One can also control the concurrency at a task level:
```python
class TaskUsingGPU(Task):
    task_channel = 'gpu'
    ...

class AnotherTask(Task):
    task_channel = ['gpu', 'memory']
    ...

with Cache('./cache'):
    SomeDownstreamTask().run_graph(rate_limits={TaskUsingGPU.task_name: 1})  # Execute one at a time
```

### Task Channels

Task prefixes and concurrency limits can be also specified via task channels, which is useful for controlling the computation resource of multiple tasks at once.
```python
class TaskUsingGPU(Task):
    task_channel = 'gpu'
    ...

class AnotherTaskUsingGPU(Task):
    task_channel = ['gpu', 'memory']
    ...

with Cache('./cache'):
    # Channel-level concurrency control
    SomeDownstreamTask().run_graph(
        rate_limits={'gpu': 1, 'memory': 2},
        prefixes={'gpu': 'jbsub -wait -queue x86_1h -cores 16+1 -mem 64g'}
    ) 

```


### Built-in properties/methods
Below is the list of the built-in properties/methods of `Task`. Do not override these attributes in the subclass.

| Name | Owner | Type | Description |
|--|--|--|--|
| `task_name`            | class    | property | String id of the task class |
| `task_id`              | instance | property | Integer id of the task, unique within the same task class  |
| `task_args`            | instance | property | The arguments of the task in JSON |
| `task_directory`       | instance | property | Path to the data directory of the task |
| `task_stdout`          | instance | property | Path to the task's stdout |
| `task_stderr`          | instance | property | Path to the task's stderr |
| `run_task`             | instance | method   | Run the task |
| `run_graph`            | instance | method   | Run the task after necessary upstream tasks and save the results in the cache |
| `get_result`           | instance | method   | Get the result of the task (fails if the result is missing) |
| `to_json`              | instance | method   | Serialize itself as a JSON dictionary |
| `clear_task`           | instance | method   | Clear the cache of the task instance |
| `clear_all_tasks`      | class    | method   | Clear the cache of the task class |
| `cli`                  | class    | method   | `run_graph` with command line arguments |

## TODO
- Potential bug
    - Current task argument serialization is not ideal since JSON is mapping two different values into the same text representation (e.g., tuple and list).
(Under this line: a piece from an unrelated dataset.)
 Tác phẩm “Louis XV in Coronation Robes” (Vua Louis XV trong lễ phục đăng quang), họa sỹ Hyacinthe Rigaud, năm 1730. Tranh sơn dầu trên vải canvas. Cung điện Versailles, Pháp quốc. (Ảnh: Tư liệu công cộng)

Consider using consistency check `x == json.loads(json.dumps(x))`, or redesign the format.
- Better UX
    - Add the signature of task to the description to `--kwargs` of CLI.
    - Runtime validation of task arguments with type hint.
    - Add option to not cache result (need to address timestamp peeking and value passing).
- Simplify
    - Drop the support of ThreadPoolExecutor.
- Optional
    - Simple task graph visualizer.
    - Pydantic/dataclass support in task arguments (as an incompatible, but better-UX object with TypedDict).